On September 9, we’ve experienced roughly 3 hours and a half of degraded query time, of missing trigger runs, and of late SLO processing. This outage was a repeat incident from the one we had on December 7 2021, where our secret store provider, used by all our components to load their configuration, suffered an outage where most of the invocations would fail.

We detected the outage after a deployment, which forced all instances of the querying services to do a rolling restart.

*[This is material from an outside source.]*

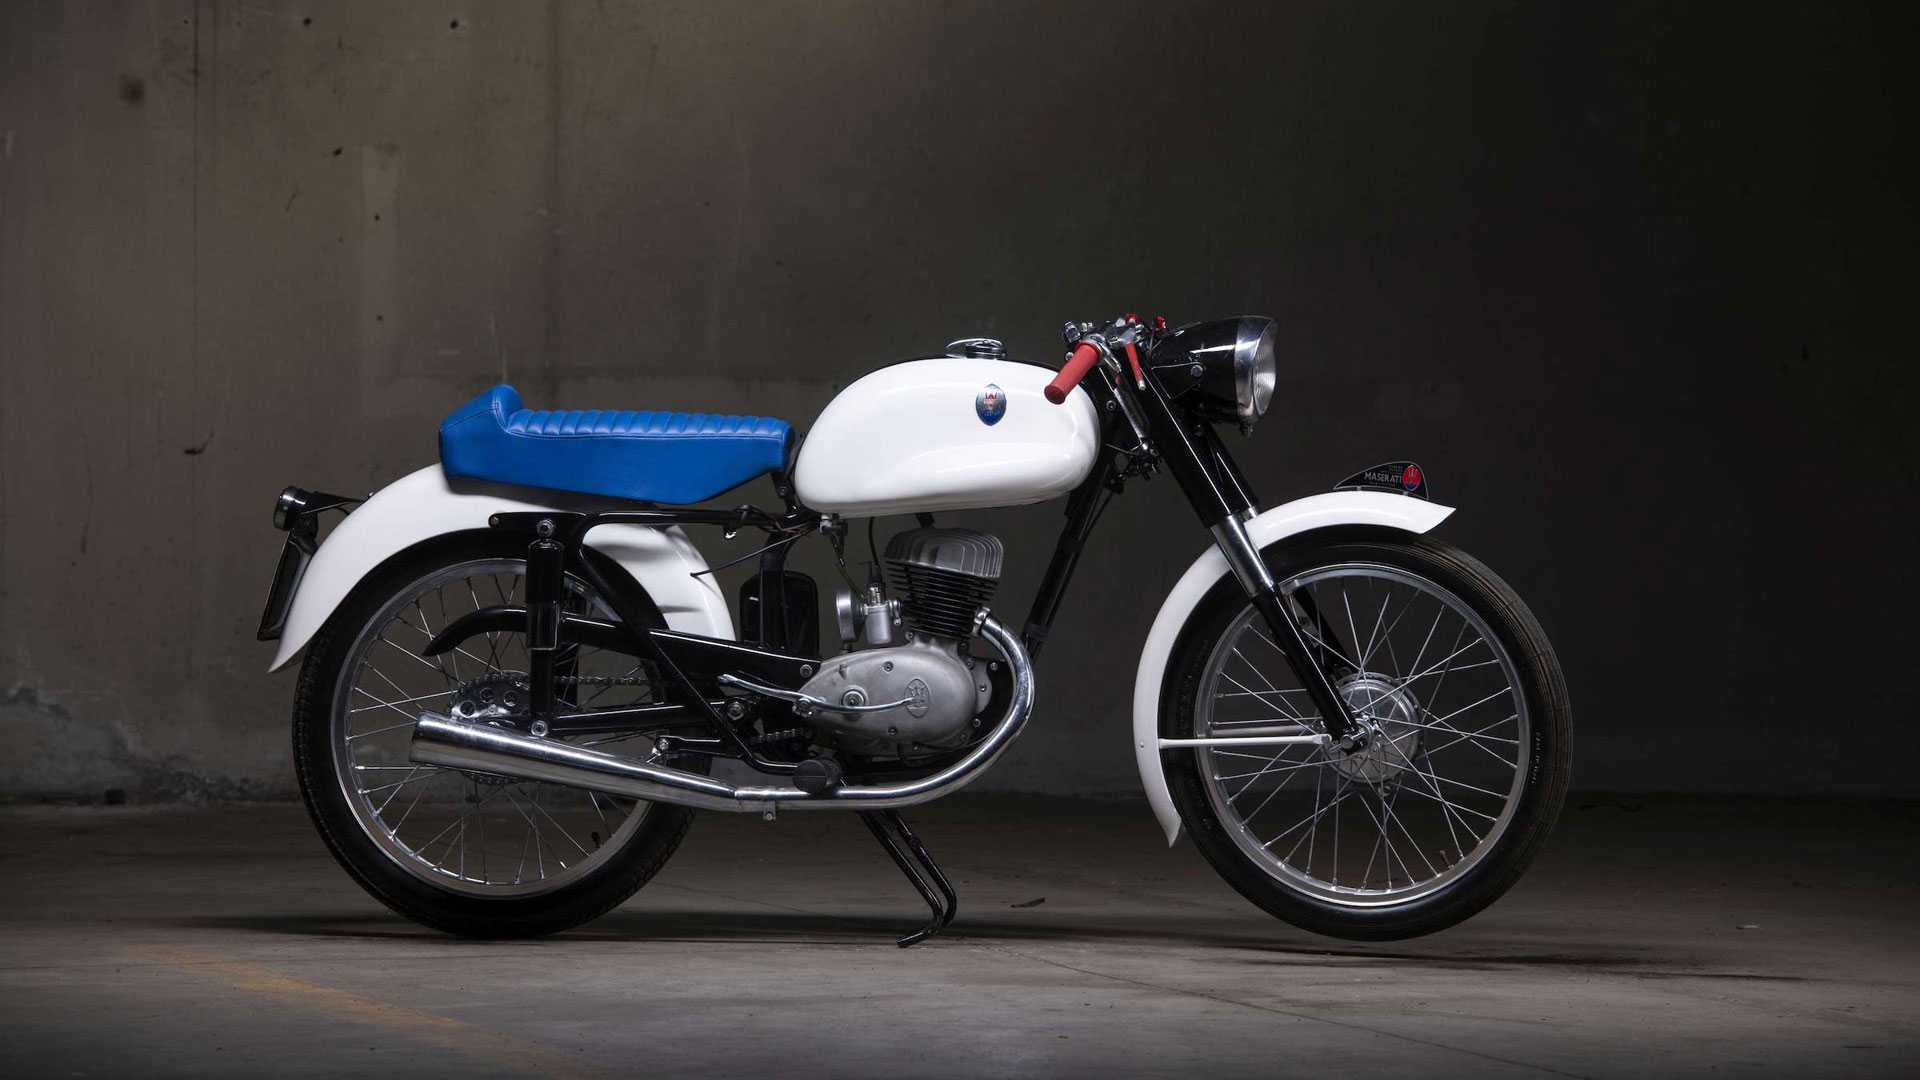 Редчайший мотоцикл Maserati, о котором никто не знал

Unfortunately, that rolling restart had left some of the hosts in a non-functional state by not being able to fetch configuration values such as database connection strings, or other key parameters.

We reused emergency procedures from a previous incident and started working on mitigation techniques by manually recovering production configuration data and moving it to different storage locations so the services could come up.

In doing so, we’ve been able to progressively bring up querying ability, albeit with stale data at first, then restore querying in full, and then worked to restore triggers and SLO runs. SLO runs that had been delayed replayed their old data and alerted everyone they had to alert, but failed trigger runs are not retried due to their current implementation.

During the incident, we also identified a new workaround for the future, where we are going to keep maintaining passive synchronization of multi-region secret storage with the ability to quickly switch to a fail-over zone if this were to happen again.

At this point in time, we do not plan to release a more in-depth incident review, as we are focusing our attention on the September 8 outage related to ingest delays and its investigation.

Posted Sep 21, 2022 - 08:08 PDT

Resolved

Everything in the platform is back to its expected state. We are considering this incident complete.
We'll keep working on mitigation mechanisms in case of any new instability we can detect.

Posted Sep 09, 2022 - 11:38 PDT

Monitoring

We are back to having all services operational, and are continuing to monitor in case of regression. We will continue to work on mitigations in case of similar issues in the future.

Posted Sep 09, 2022 - 11:16 PDT

Update

We are continuing to work towards restoring triggers and SLOs. Our current efforts are focused on migrating some data to a different region to avoid current issues with AWS.

Posted Sep 09, 2022 - 10:56 PDT

Update

While querying continues to be stable, we are continuing to work on a fix for triggers & SLOs.

Posted Sep 09, 2022 - 10:23 PDT

Update

We believe that querying is stable, and we are continuing to work on a fix for triggers & SLOs.

Posted Sep 09, 2022 - 09:52 PDT

Update

We believe that queries should be stabilizing - we are working on fixes to bring triggers back online.

Posted Sep 09, 2022 - 09:19 PDT

Update

We're slowly making progress to bring back querying. You may be able to successfully query via ui.honeycomb.io, but the data will likely be stale.

Posted Sep 09, 2022 - 08:48 PDT

Update

We have narrowed the problem down to AWS SSM availability and are working around it to bring back querying.

Posted Sep 09, 2022 - 08:36 PDT

Update

Querying is severely degraded, we are continuing to work on implementing the fix.

Posted Sep 09, 2022 - 08:18 PDT

Identified

Querying, Triggers, and SLOs are currently degraded. We have identified the cause of the issue and are implementing a fix.

Posted Sep 09, 2022 - 08:10 PDT

This incident affected: ui.honeycomb.io - US1 Querying and ui.honeycomb.io - US1 Trigger & SLO Alerting.